# Flasher



## wyogoob (Sep 7, 2007)

Black-crowned Night Heron sunning:









Black-crowned Night Heron flashing:


----------



## LOAH (Sep 29, 2007)

Did you report him?

Frickin' pervs.







:wink: Nice shots.


----------



## wyogoob (Sep 7, 2007)

LOAH asked: Did you report him?



Ah.......it's a female


----------



## LOAH (Sep 29, 2007)

Well pardon me.

:lol: 

Did you invite her in for a glass of wine, then?


----------



## wyogoob (Sep 7, 2007)

LOAH said:


> Well pardon me.
> 
> :lol:
> 
> Did you invite her in for a glass of wine, then?

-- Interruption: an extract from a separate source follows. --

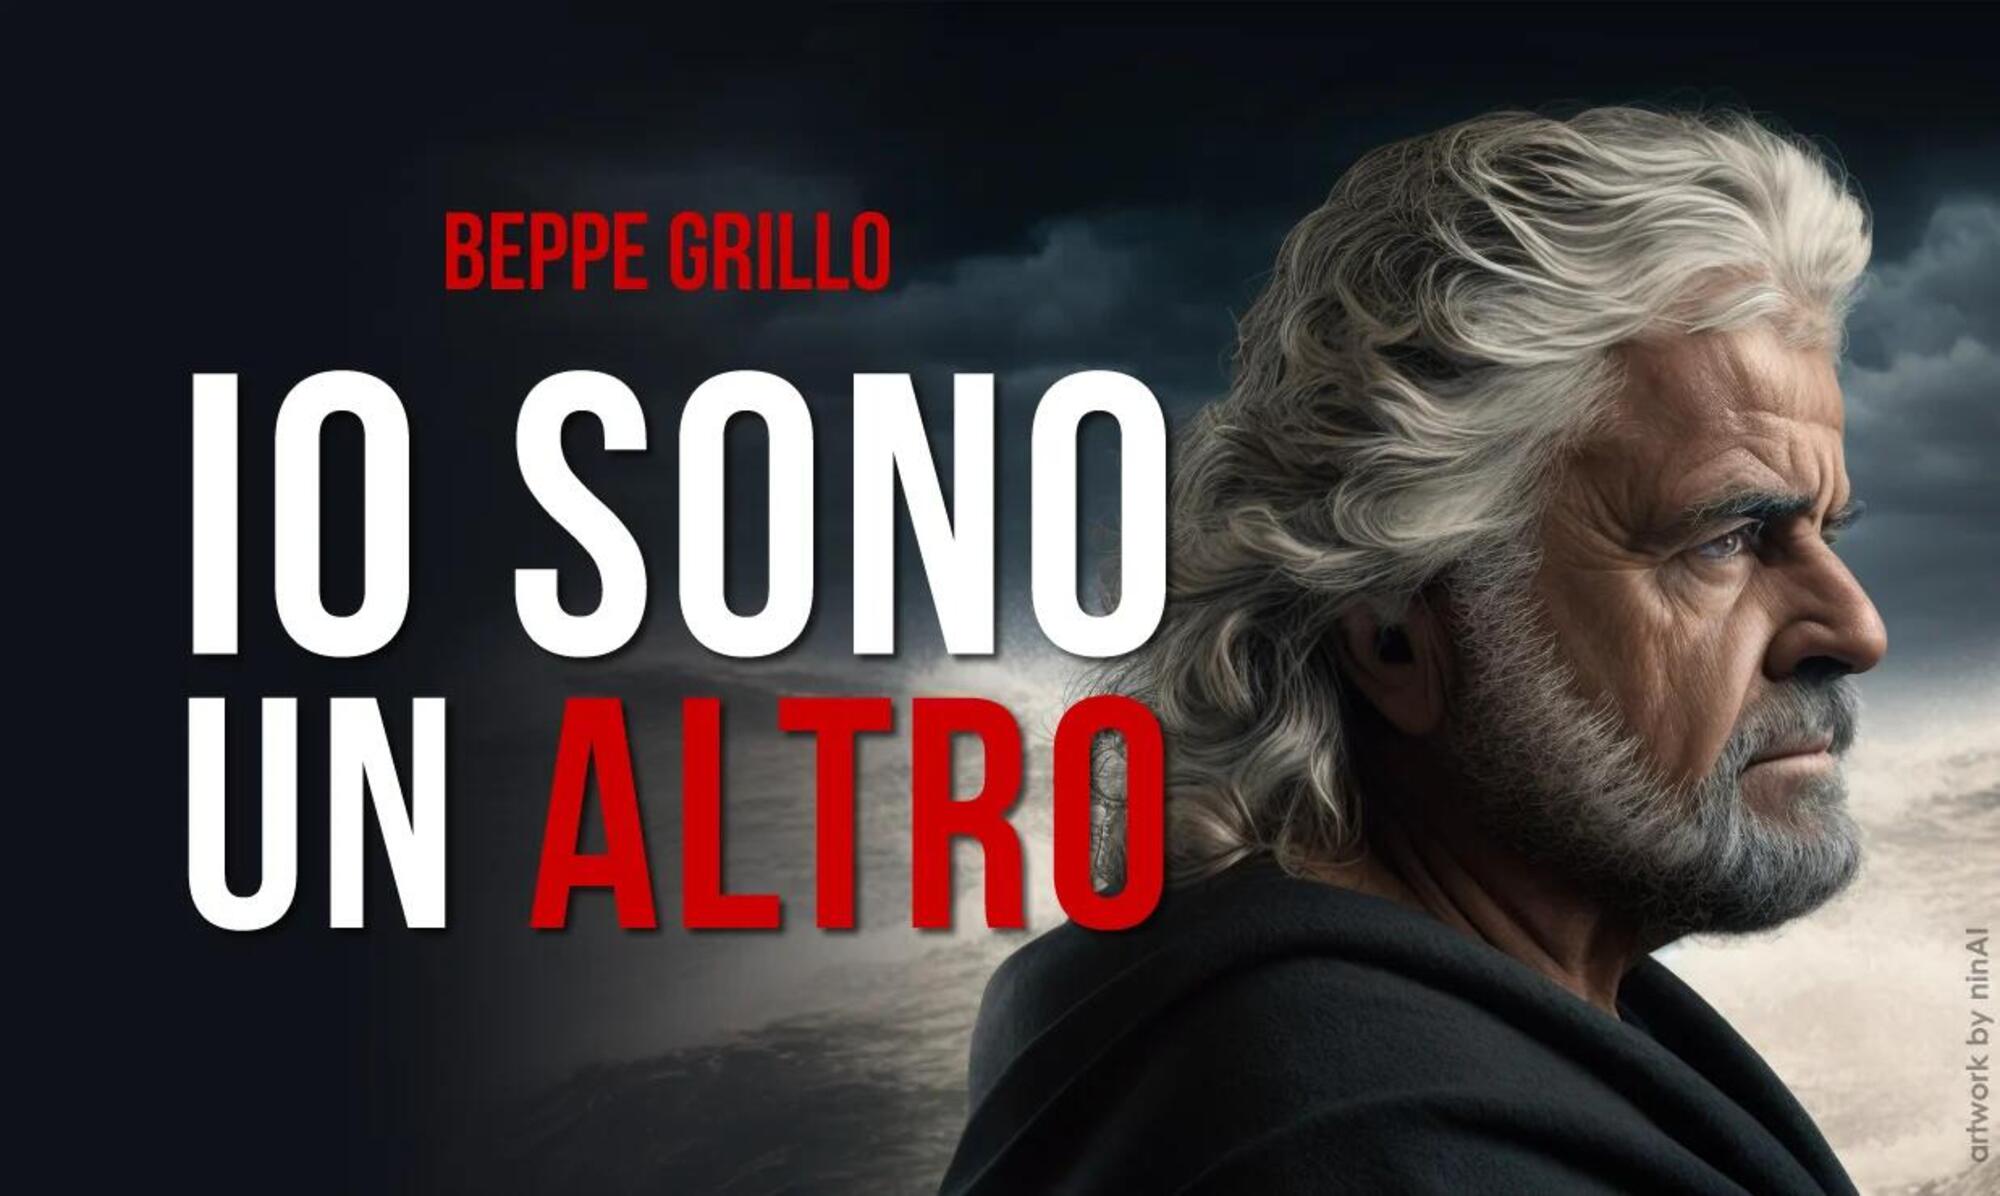 La locandina dello spettacolo di Beppe Grillo

I wanted to, but I was a passenger in a drift boat going down the Green.


----------



## 12 Volt Man (Sep 7, 2007)

Looks like it's about to do something crazy in that first pic.


----------



## ACHY (Oct 18, 2007)

Um, that looks more like a great blue heron to me. Notice the yellow eyes. Black-crowned have red eyes. And shorter necks. They also have yellow legs. The one in your pic has gray legs.
http://www.birds.cornell.edu/AllAboutBirds/BirdGuide/Black-crowned_Night-Heron_dtl.html

Here's the link to the same page for the great blue. 
http://www.birds.cornell.edu/AllAboutBirds/BirdGuide/Great_Blue_Heron.html

Cool pictures, anyway.


----------



## wyogoob (Sep 7, 2007)

ACHY said:


> Um, that looks more like a great blue heron to me. Notice the yellow eyes. Black-crowned have red eyes. And shorter necks. They also have yellow legs. The one in your pic has gray legs.
> http://www.birds.cornell.edu/AllAboutBirds/BirdGuide/Black-crowned_Night-Heron_dtl.html
> 
> Here's the link to the same page for the great blue.
> ...


Yes, you are right, good catch. The size threw me off. It was a very small bird, young of the year my guess.


----------



## Chaser (Sep 28, 2007)

LOAH said:


> Well pardon me.
> 
> :lol:
> 
> Did you invite her in for a glass of wine, then?


[/quote]Yes, you are right, good catch. The size threw me off. It was a very small bird, young of the year my guess.[/quote]

I guess its a good thing you didn't propose an invite then, or you'd be the "perv"


----------